Image related to story, see caption or article text

DRAW: Sons could not break the deadlock

Pic by: Donald Fullarton

SONS took a step backwards on Saturday when they met bottom of the league Forfar the Rock.

For, after the euphoria of Links Park the previous week, the same players - with David McNaught added in place of Robert Cambell - who ended that match produced another one of their too many old stories which have cost them points this season and blighted the club’s ambitions.

Sons had harnessed a major proportion of the pressure, as they did recently against Stenhousemuir and on various other occasions which resulted in post match regrets . . .

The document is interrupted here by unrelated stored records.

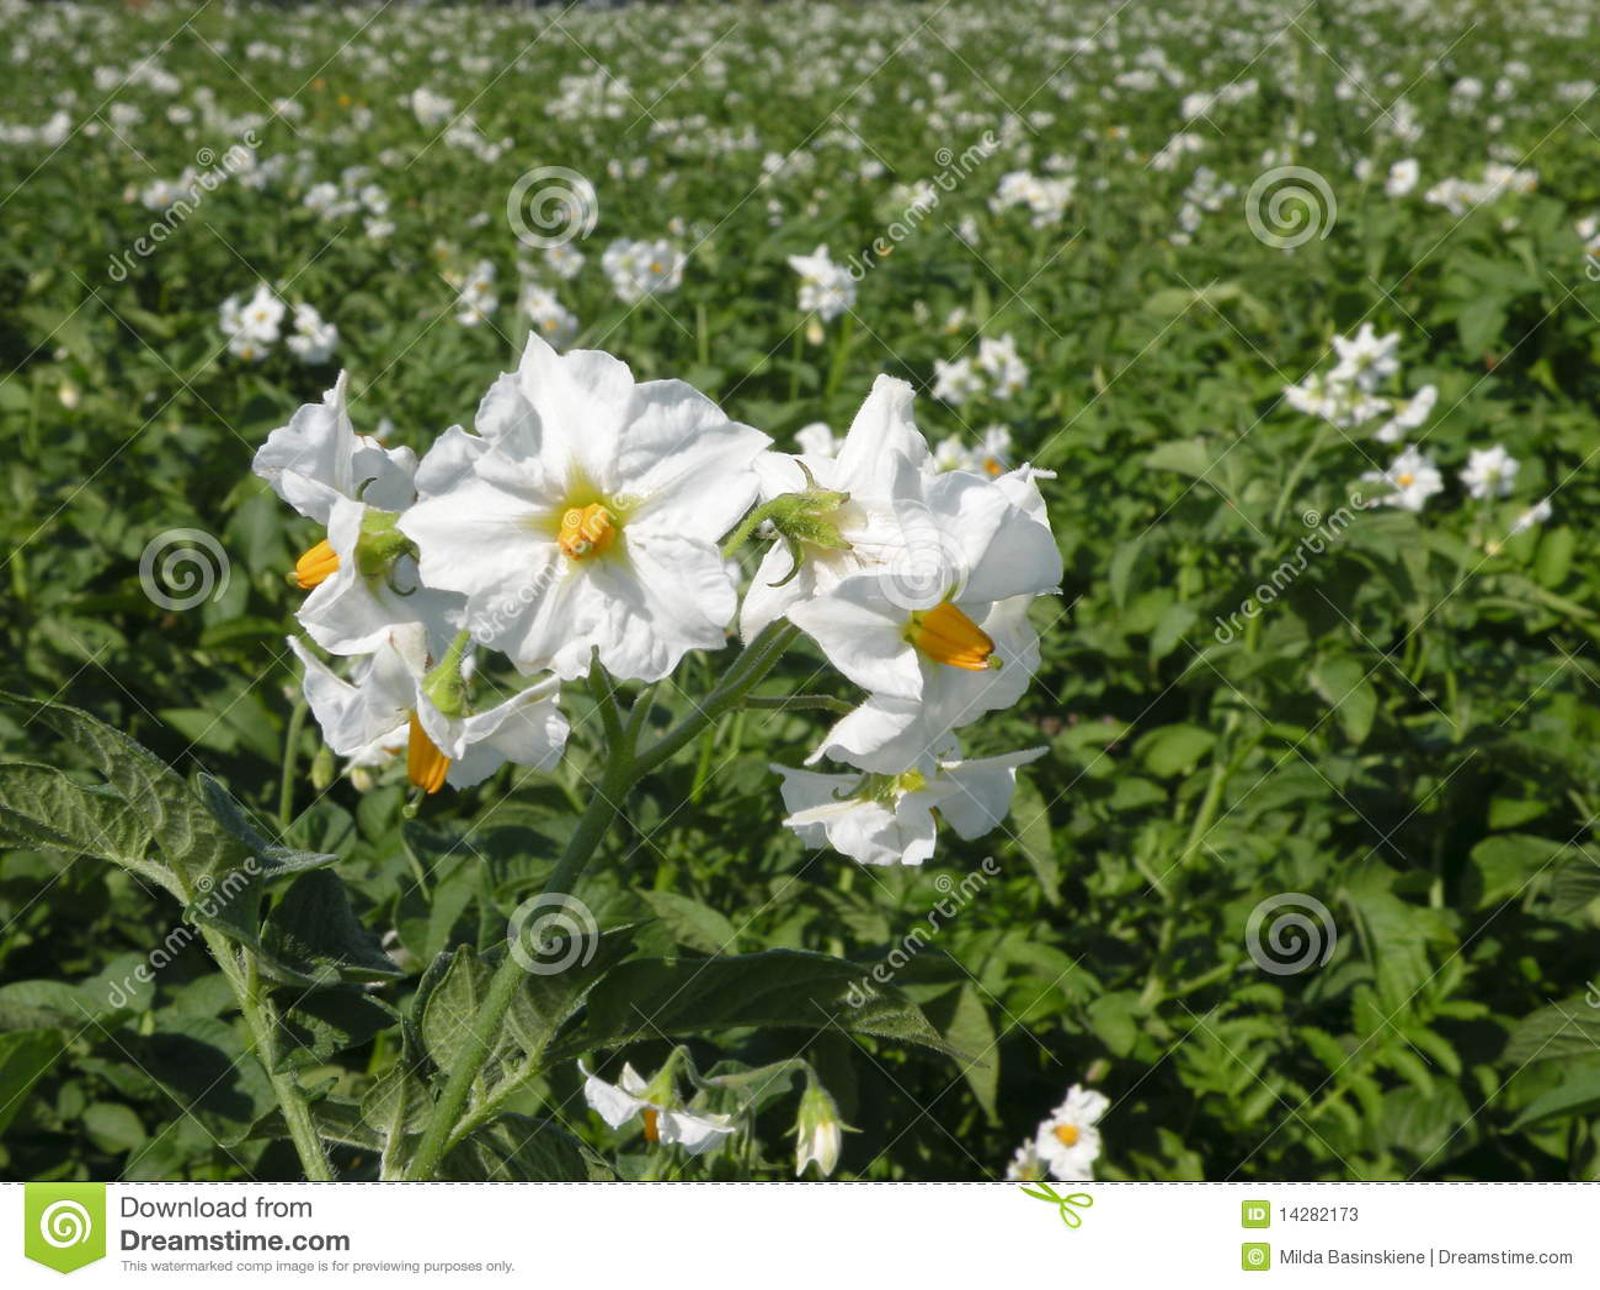 fleur de pommes de terre image stock image du agriculture 14282173. Black Bedroom Furniture Sets. Home Design Ideas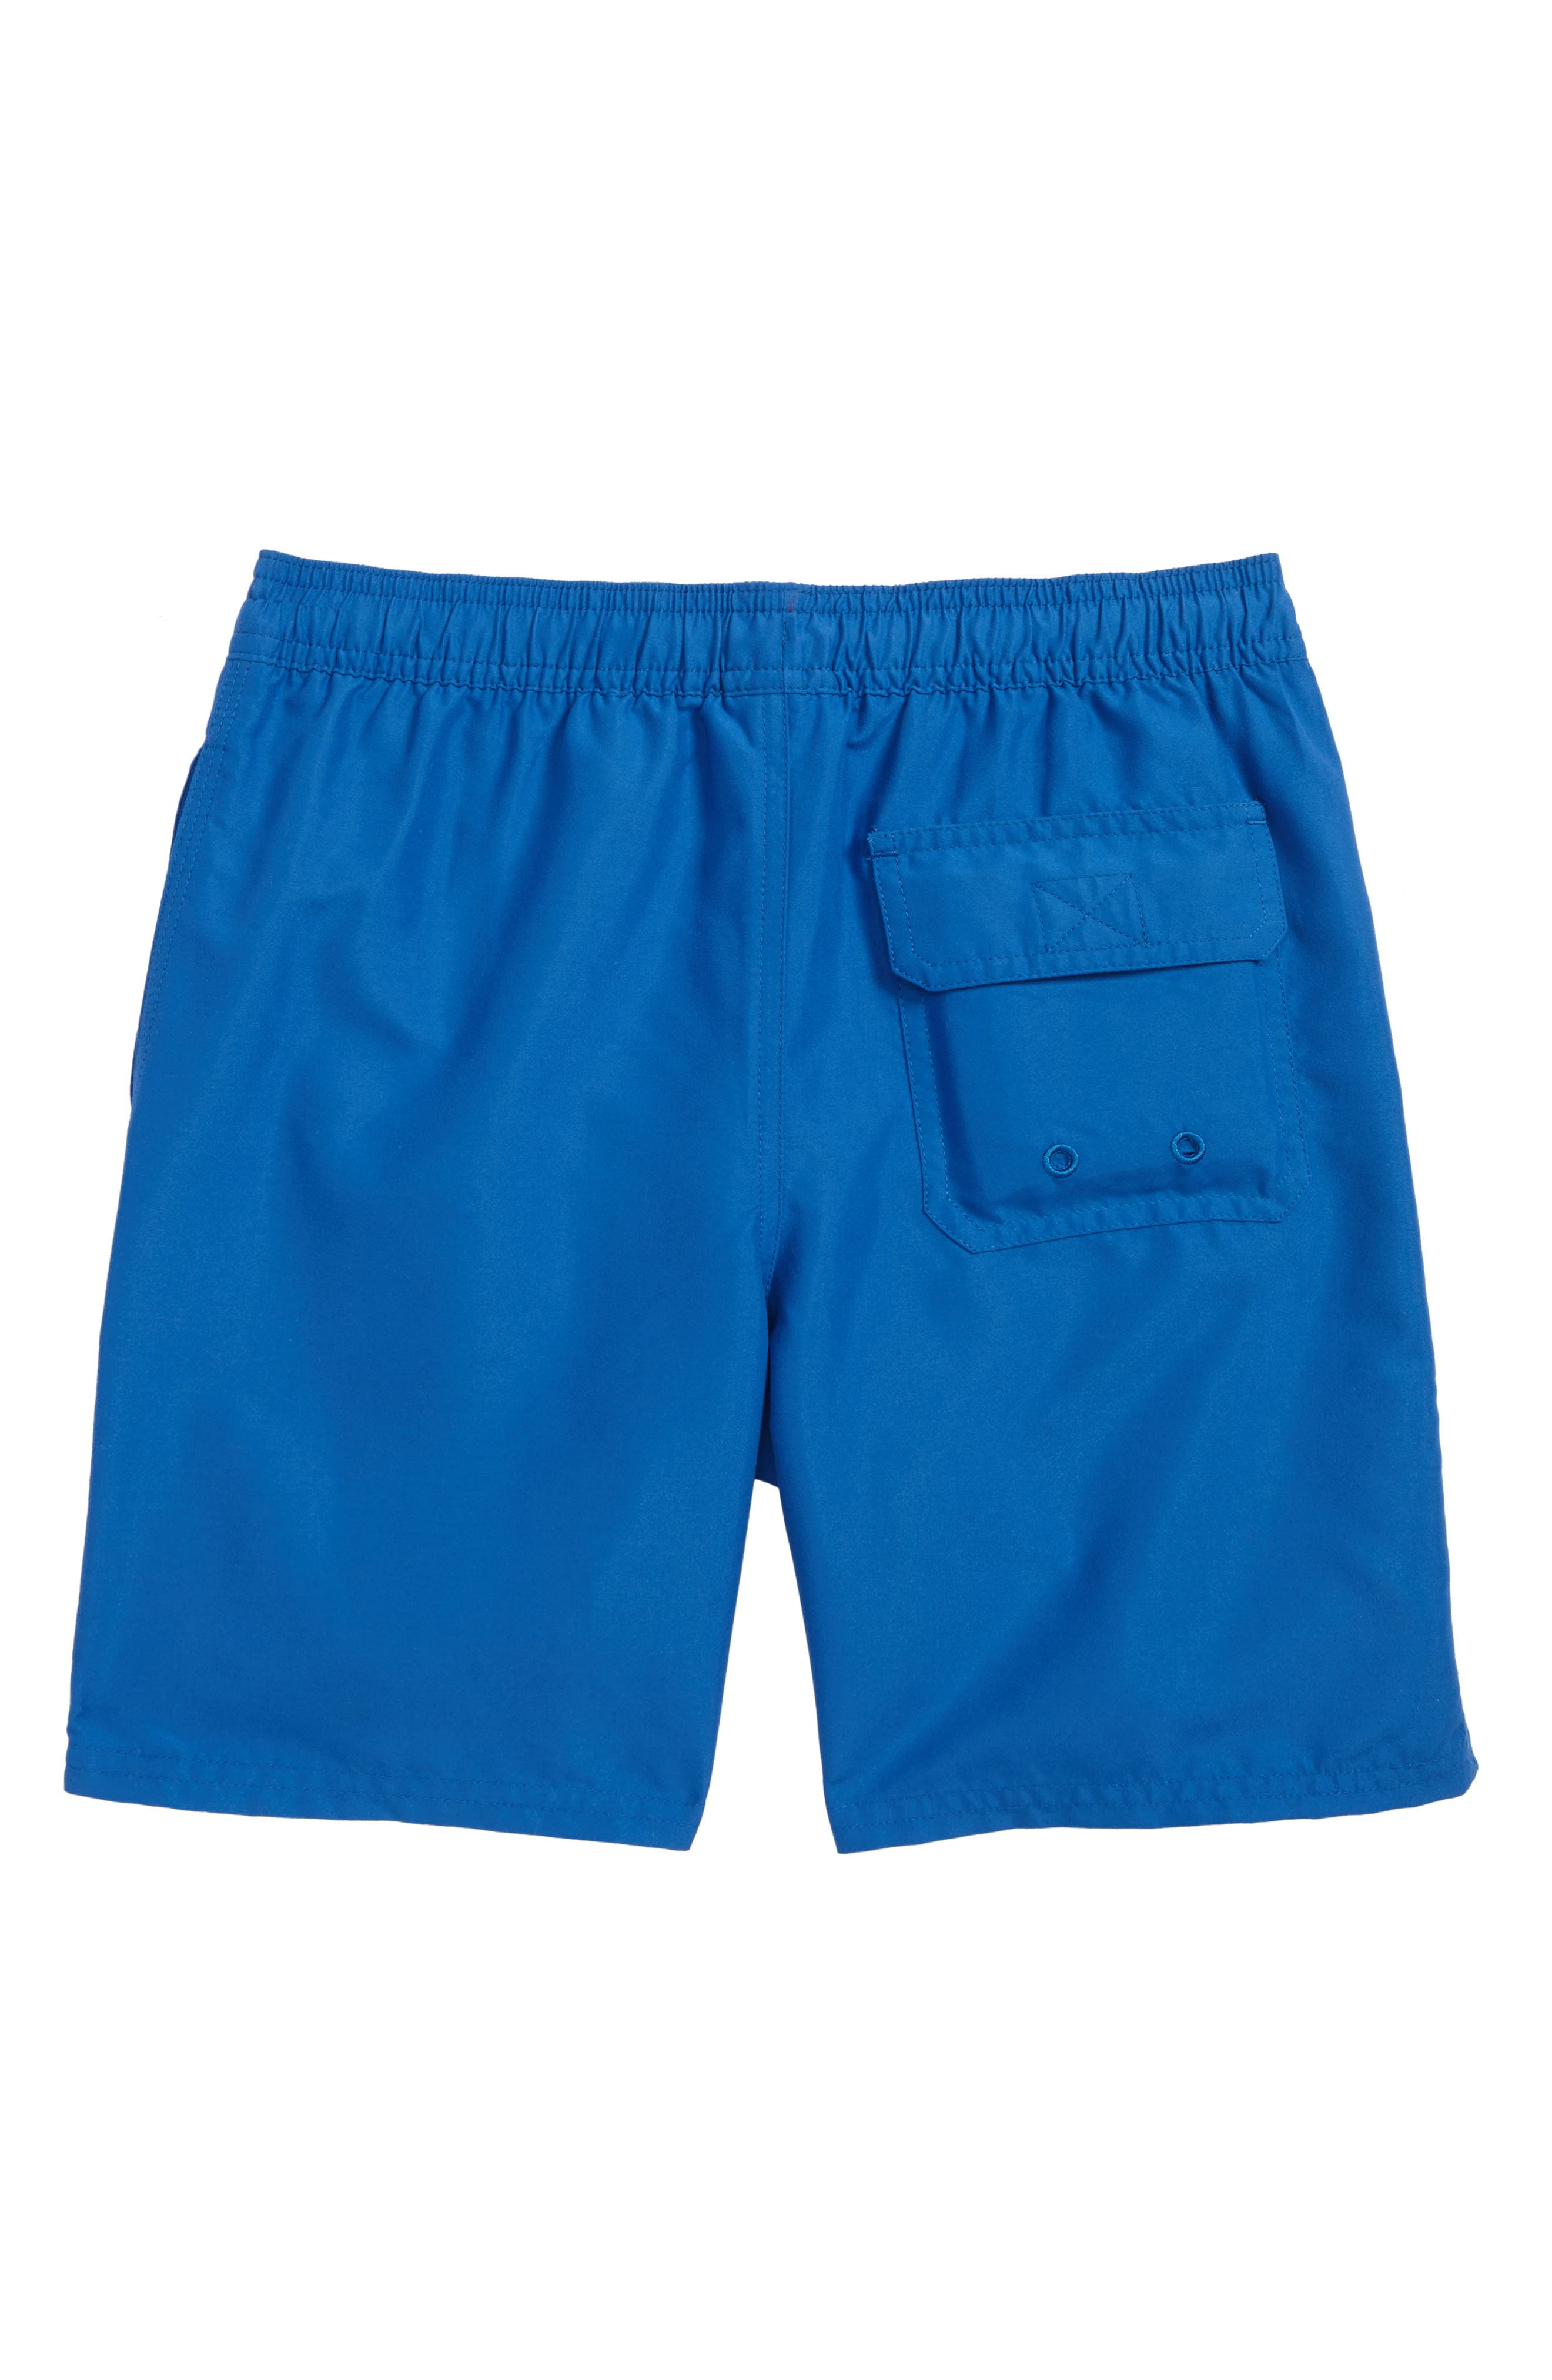 Alternate Image 2  - Vineyard Vines Bungalow Board Shorts (Big Boys)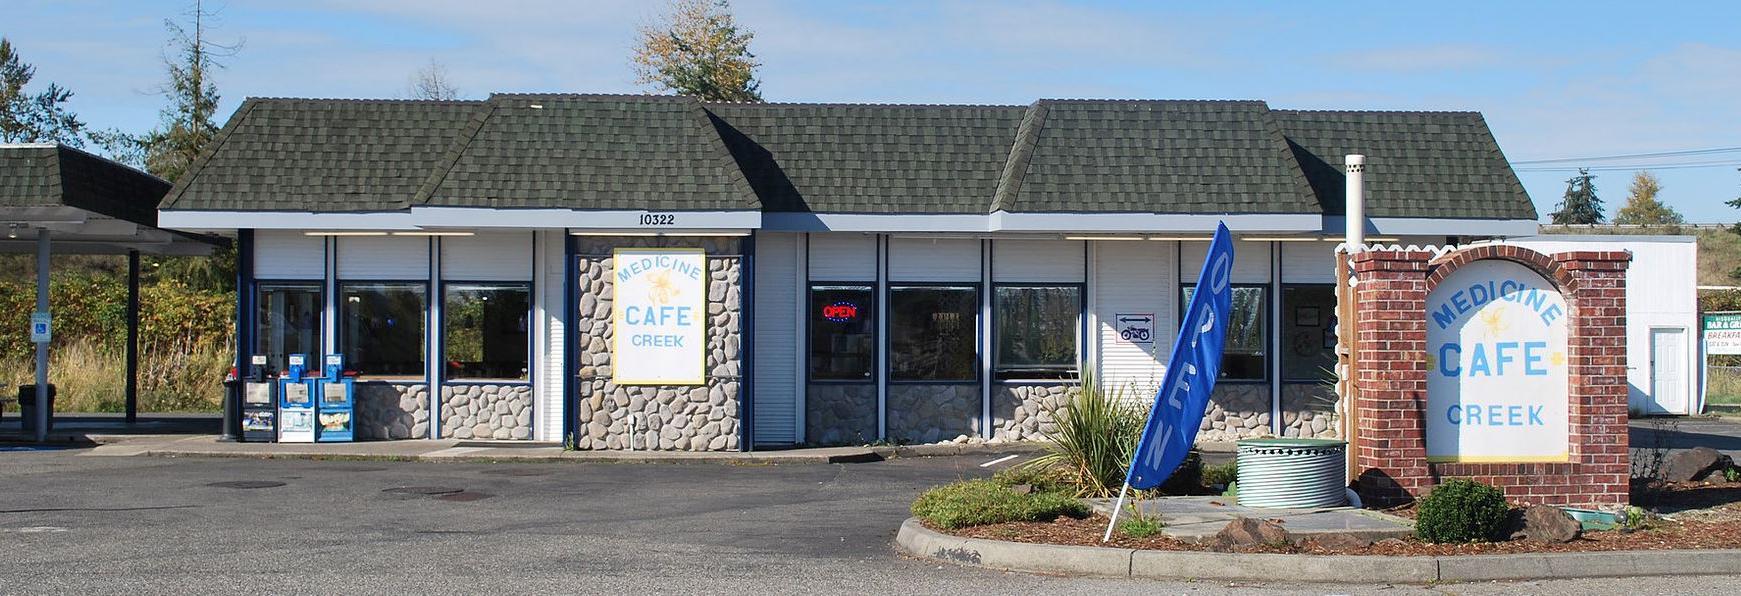 Medicine Creek Cafe banner image - Olympia, WA

But they failed to aspire as a team capable of penetrating and punishing a spoiling tactic employed by the visitors which, and let us be honest, could have won them the game in the last five minutes.

That was the almost defining moment when Forfar’s on loan striker Chris McKie penetrated the Sons defensive cover and, on a homing mission, missed with an aplomb which he will not want to remember.

Dumbarton attacked, sometimes sincerely with reasonable threat, and sometimes naively with zero effect.

But the buck struck the buffers when the ball reached the frontline of attackers. The pincer movement worked but the firing squad produced damp squibs.

Like the postmen, Sons strikers did not turn up for work on Saturday. They failed to deliver and stamp their authority and meaningful menace on the game.

Nil-nil, some football, nae goals! That is becoming a continuing story and a sorry saga of this Sons side.

I do recall that they hit the post in the first half but the head which met the ball was not a striker. It was centre half Michael O’Byrne.

You, fairly, ask the question why at Montrose they could score and win?

They thoroughly deserved, and worked hard for that victory but netted only one goal to achieve it, against all the odds. The scorer was one Robert Campbell, with four strikes to his belt and he is not a striker.

He was banned from the ground on Saturday, but there is nothing sinister about that. The poor guy was laid low with the contagious condition of shingles.

I have sympathy with Robert but, deep down, I have a slightly nauseating wish that his contagion in goal scoring could be caught by his striking team mates.

These Sons of kidology gave the punters every reason for hope in the early stages of the game.

Ryan Russell breached the Berlin Wall, which was Forfar’s last fortress all afternoon, and his shot was whisker close.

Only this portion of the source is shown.